GravelRed clay
Olivier Tregoat working on soil pits on the estate

The Raventós i Blanc Estate

Our estate has its geological origins in the late tertiary (Miocene) and early quaternary periods, and is calcareous in nature. The time and the way in which sediments were deposited and subsequent tectonic shifts have shaped our landscape. In the Miocene period it lay beneath a shallow sea which exercised little pressure. Different types of soils originate from this period: clay over the material known locally as galera (compact clays with a polyhedral structure), sand over galera, clay over a limey, sandy subsoil with large numbers of calcareous nodules, and finally silty clay soil over a highly compact calcareous subsoil with large numbers of fossil remains of seashells. In the quaternary period the sea began to retreat. From this period we have silty, sandy soils over molasse (soft, calcareous clay bedrock), soils of fluvial origin with large numbers of rounded pebbles and colluvial soils formed by erosion.
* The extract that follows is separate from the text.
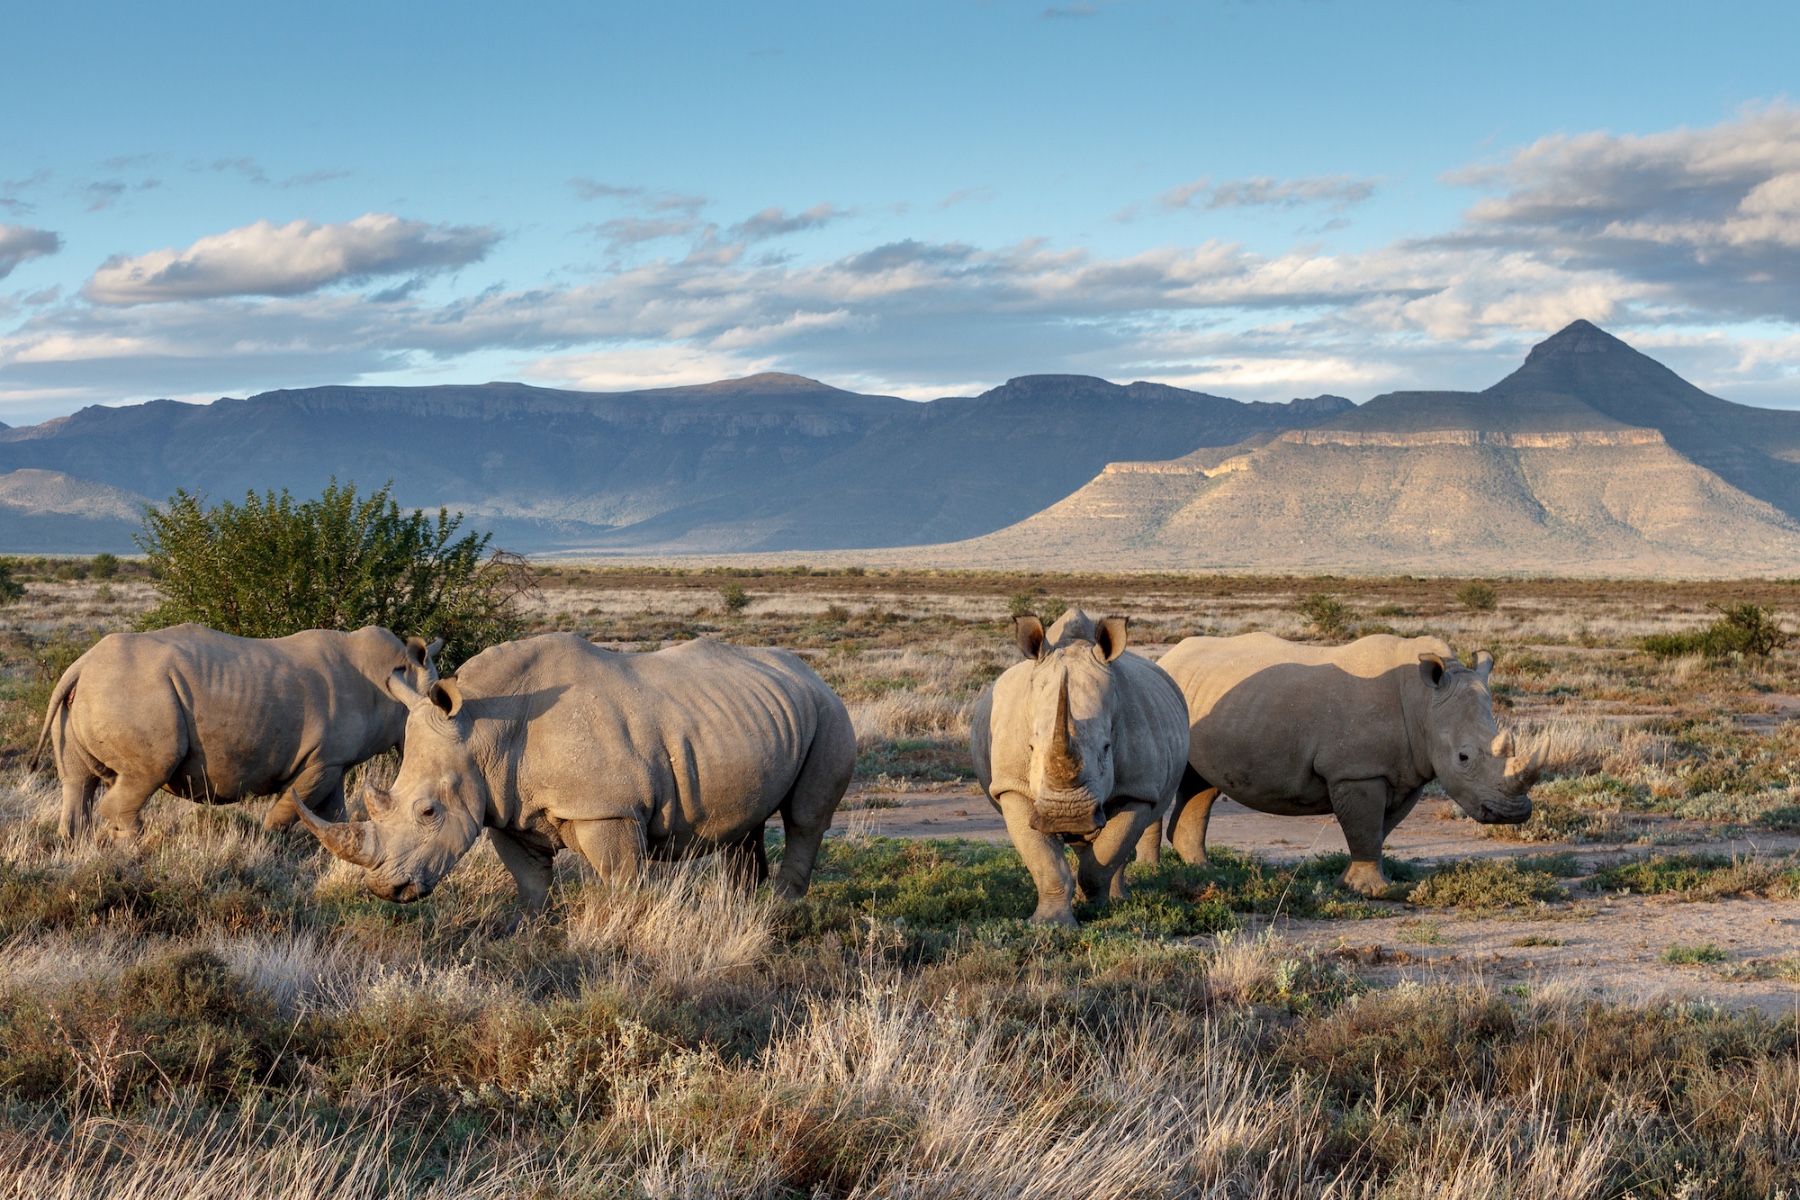 White rhinos in the great karoo, Africa, conservation travel journeys with purpose
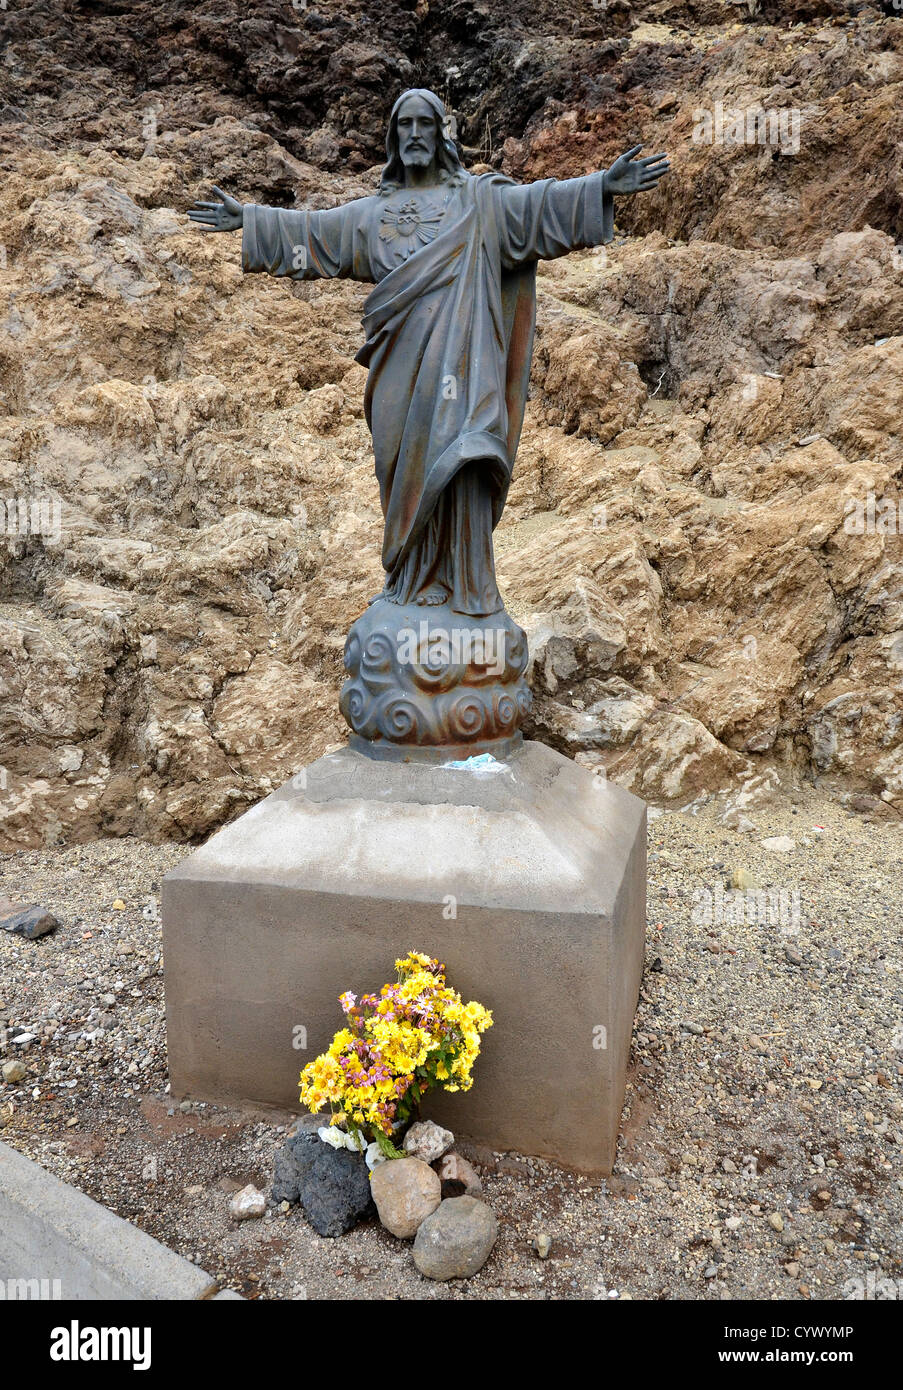 A statue of Jesus Christ near the summit of Mount Teide, Tenerife, Canary Islands Stock Photo

The texture (proportions of clay, silt and sand) of our soils is essential when determining the potential water reserves of each plot: clays increase them, while sands and stones reduce them, but we always depend on the depth of the soil and the ability of the roots to exploit this soil. At Raventós i Blanc, all the plots on the estate have good water reserves due to the depth of the soils and their clay content. Our studies have confirmed our ancestors' choice: the soil is ideal for producing white wines.